Thursday, October 25, 2012

Movie Review: Tokyo Gore Police (2008)

I don't get to watch a lot of movies in the theaters (mainly because that sh*t is expensive, but you know that already), and when I do, I watch superhero movies with my friend Will and Dacarllo.  When I'm not with them, I use the Internet.  Now, I'm not out there torrenting like the rest of y'all.  I use other forms to get my movies--all of them legal.  Which brings me to my movie review subject: Tokyo Gore Police.

I watched it and I can truly say this movie lives up to its title, as all movies should.  The film (used loosely) is set in a futuristic Tokyo, some time after the Tokyo Metropolitan Police Department and the Japanese Self-Defense Forces have been privatized and merged into the former.  Apparently, all Japan is now Tokyo...or not, I am unsure.  Also new to the mix are "Engineers"--a new type of life-form that causes mayhem in the streets and turns ordinary criminals into super-powered villains.
Enter Ruka (played by Eihi Shina of Audition fame), an expert "Engineer Hunter" with the Tokyo Metro Police, who hunts using only a samurai sword.  True to Japanese fantasy tropes, she weighs 90 pounds soaking wet and no family lineage is tied to the weapon to explain its unnatural ability to remain undamaged throughout the film as she fights hulking monsters.  She does her best and is celebrated in the ranks of the police department...but off-duty, she is a sad young woman who laments the loss of her policeman father years ago and makes cuts on her left arm for catharsis.  Only with the arrival of a particular Engineer monster does the story begin to evolve from a simple hack-and-slash videogame parody into something resembling a murder mystery.

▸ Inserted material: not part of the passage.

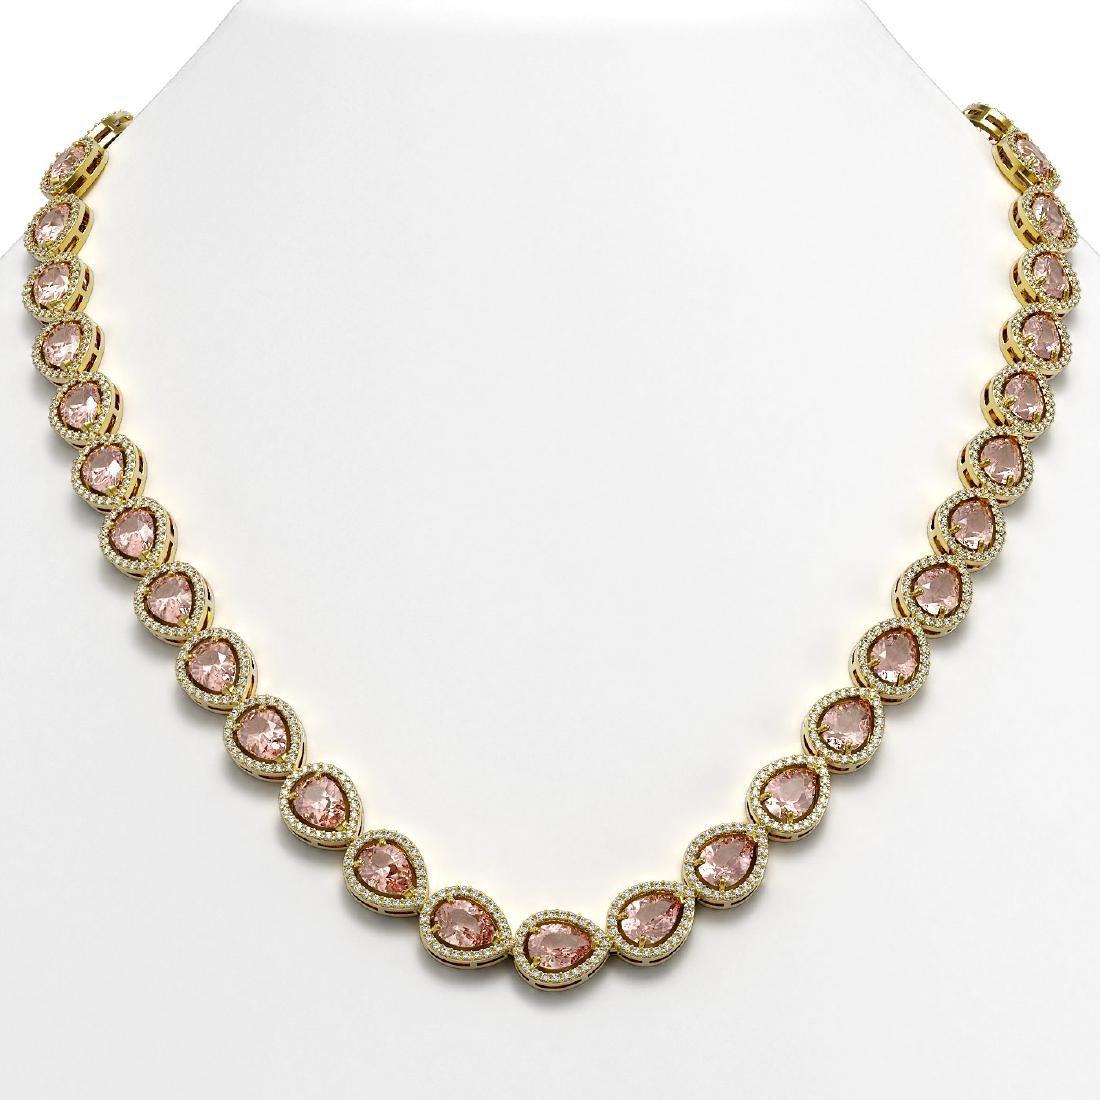 35.13 CTW Morganite & Diamond Halo Necklace 10K Yellow

- ATOMIC BOMB REFERENCE LOL -
There are a lot of counter-culture elements, sexual elements, dark humor (i.e., cutesy wrist-cutting devices that "make the blood sweeter"), and alternative lifestyle choices on display, which pale in comparison to the main event the movie puts forth.  When a person talks about themselves as an expert and says that "[Insert field of expertise here] is my middle name", they want you to believe that they were born with an intense knowledge of the field.  The same holds true for Tokyo Gore Police.  GORE is its middle name.
There were a lot of moments when I had to stop watching--not because I was gonna throw up, but...  Y'know what?  I'm lying.  Lying, and lying so hard.  I was gonna throw up so many times while watching, because I had just eaten dinner and there was so much gore for the sake of it.  Characters who could have just hit their opponents in the head with a bottle and stopped there, chose to jam the broken bottle into their opponent's face and use it to cookie-cut the flesh and bone from his skull.  What does that do? He dead!
The worst part of the movie for me was when I was watching it, I began to get used to the simulated carnage--the watery blood, the churned-up whatever they were using to simulate destroyed flesh, the ever-increasing attempts at body horror, etc.  Each special effect kept taking me out of the story.  At the end of it all, I was more concerned with the story than the poor tries to keep my attention with special effects.

Normally, I give Japanese films a pass when their story surpasses their special effects (STACY, Mechanical Violator HAKAIDER), but this movie is on its way to becoming the next Death Trance.  What's Death Trance, you ask?  Exactly--you probably don't know.  That's how bad it sucked.  I truly wish more time was spent developing the characterizations of Ruka and the bar owner--ESPECIALLY the bar owner.  Instead, we have a fine revenge story and a great fantasy world that is undercut by its own special effects.  For shame, Japan. For shame.


CHOICE CUTS:
Not even fazed by this.  That's how desensitized
I became to the special effects of this film.
  • It's interesting to see how badly the Japanese were affected by the bombing of Hiroshima and Nagasaki in World War II.  Every time they show a future, it's royally screwed up.
  • There's all kinds of sick shit in this movie: chicks with alligator heads for legs, quadruple amputee sex slave assassins, segmented elephant penis cannon (I shit you not), strippers modified to look like snails (yup), hydrochloric acid breast milk, street-side executions, and blood that sprays so forcefully it can propel you through the air.  Can't get any sicker than that...
  • OH GOD THE WATER LILY CHAIR--
  • The black humor was a highlight, especially the silly commercials in the background.  The Tokyo Metro Police recruitment commercials reminded me of the "Would You Like To Know MORE?" propaganda clips in Starship Troopers--always a good thing.
  • The idea that it looked like a key was a pretty cool idea--it unlocked a potential of the human body to do the stuff that an Engineer could.

Tokyo Gore Police gets a 5 out of 10.